I do not use it and the question is an honest inquiry for knowledge about soy bean meal.

bob


----------



## aggieterpkatie (Sep 9, 2010)

I don't have issues with feeding soybean meal, but it's really hard to produce balanced rations.  Do you have a local feed mill that can work with you on creating a ration?  If you tell them what you'd like to do, they might be able to tell you amounts of things to add in.


----------



## stano40 (Sep 9, 2010)

Nope, already feeding them a pretty balanced diet which they love and are thriving on with no problems.

Just wanted to know about soy meal and goats.

Thanks anyway.

bob


----------



## jodief100 (Sep 9, 2010)

This is COMPLETELY my own opinion.  Feel free to disagree.  

I dont like feeding soy to any of my animals.  Studies show it is not digested as well and that it can interfere with the natural chemical and hormonal balance.  From personal experience, I know if *I* eat soy it really messes with my digestion.  I figure if it screws up my tummy, it will probably wreak havoc on a goats sensitive rumen.  
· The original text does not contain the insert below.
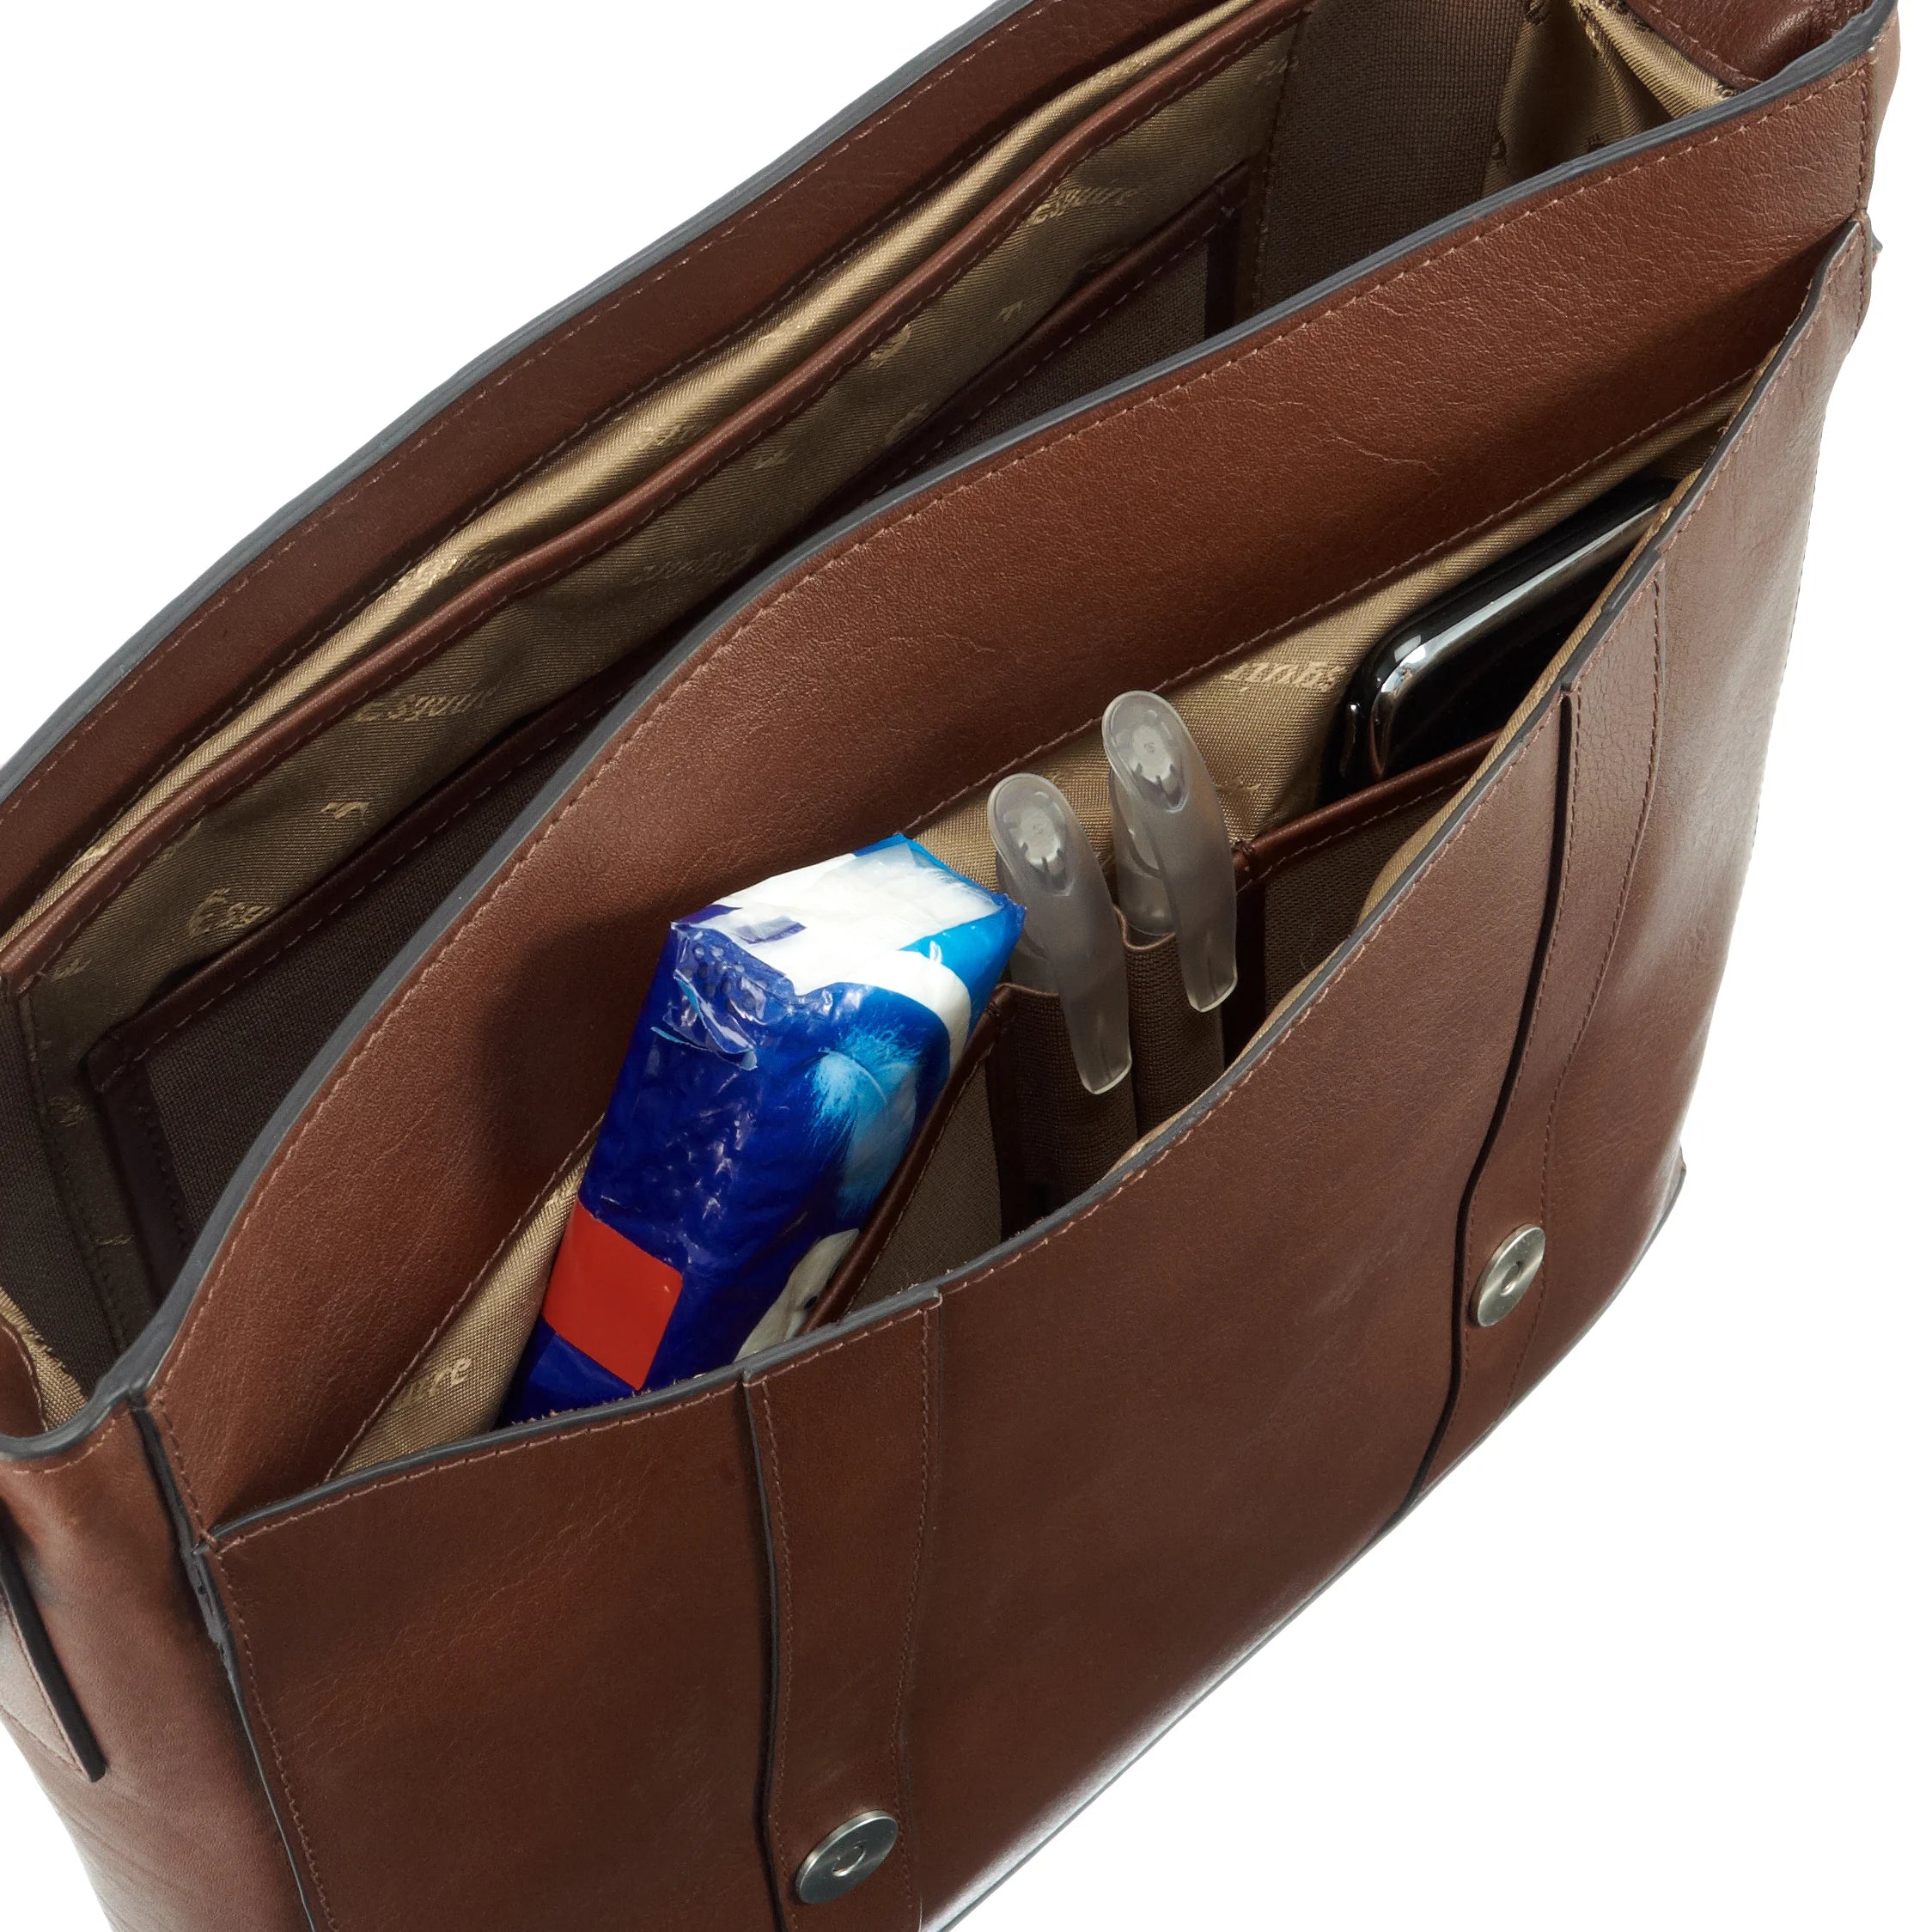 Esquire Vienna Bags shoulder bag with laptop compartment 30 cm - mocca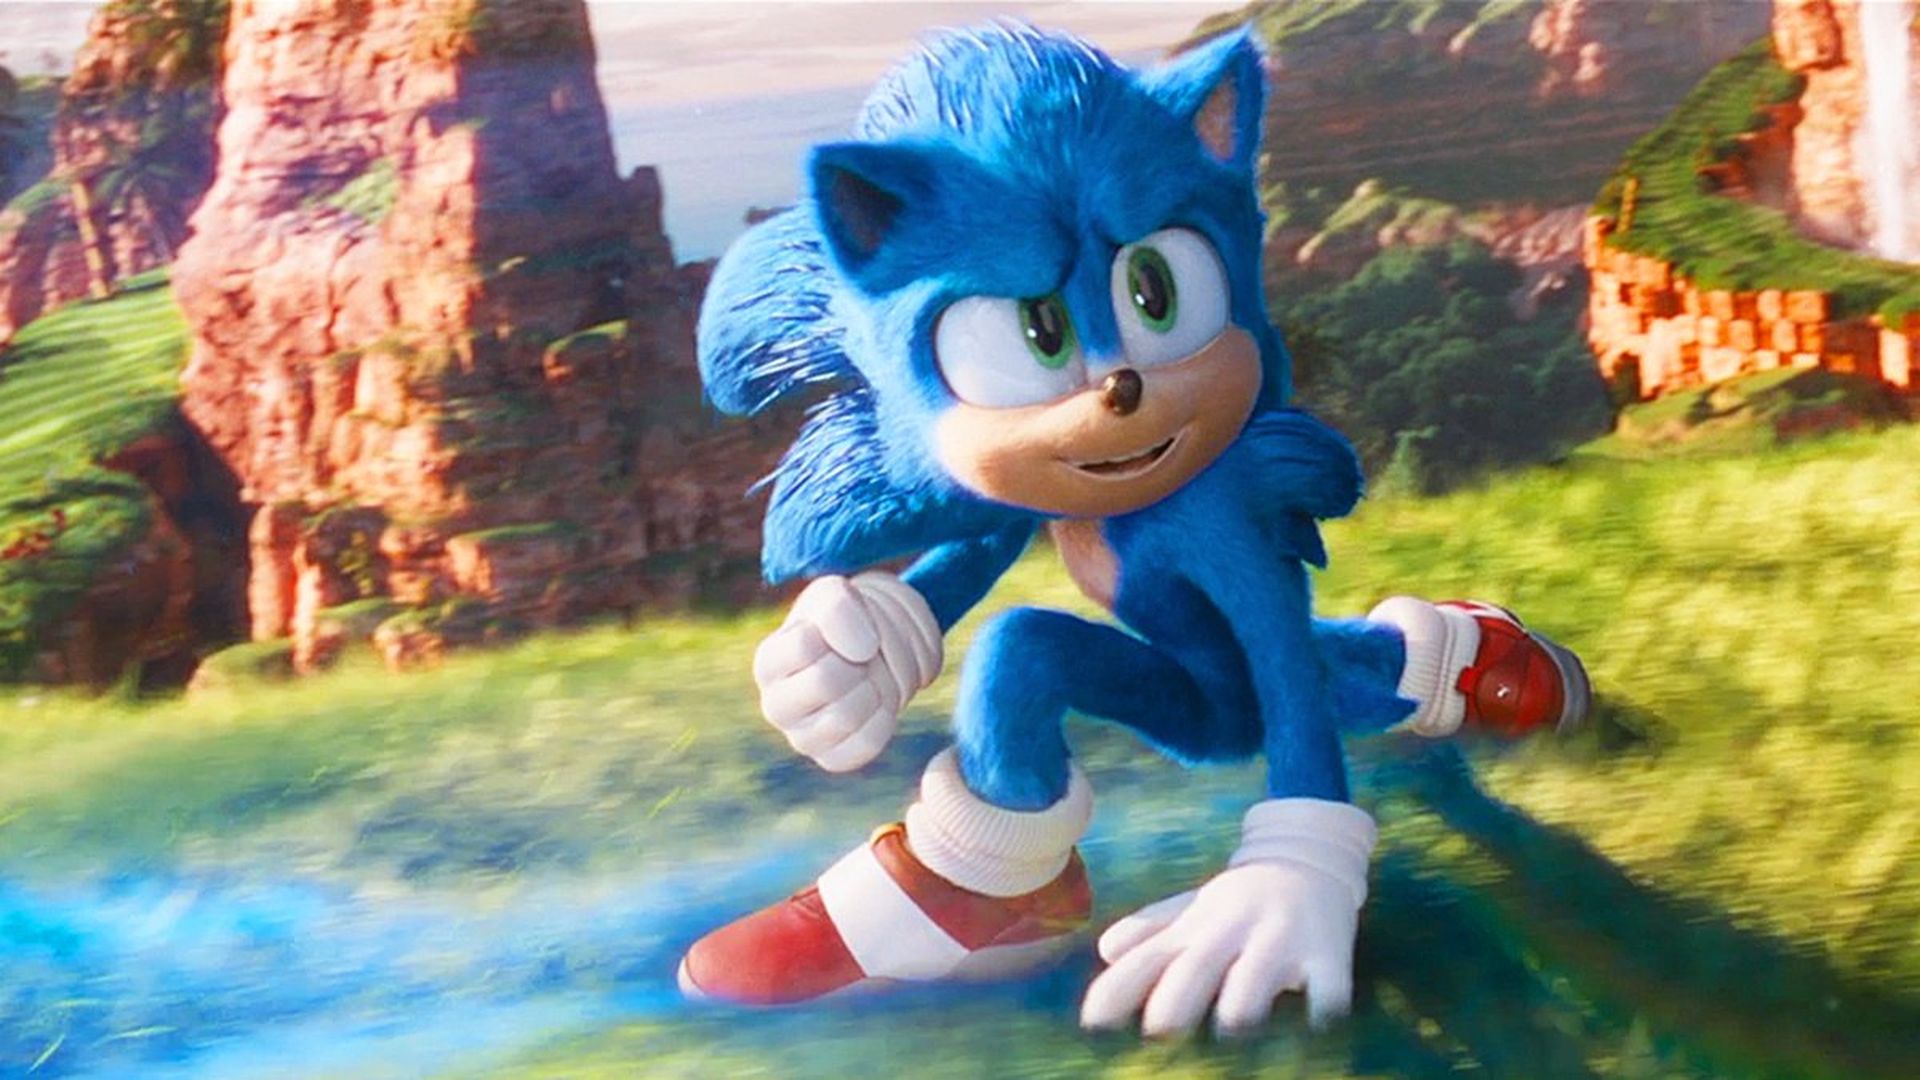 Chave Sônica - Sonic: O Filme (2020) #sonic #sonicthehedgehog

Cattle are fed it regularly in lot feed operations because it is cheap and they gain weight fast on it.  These are slaughter cows so who knows what the long term issues could be.


----------



## aggieterpkatie (Sep 9, 2010)

stano40 said:
			
		

> Nope, already feeding them a pretty balanced diet which they love and are thriving on with no problems.
> 
> Just wanted to know about soy meal and goats.
> 
> ...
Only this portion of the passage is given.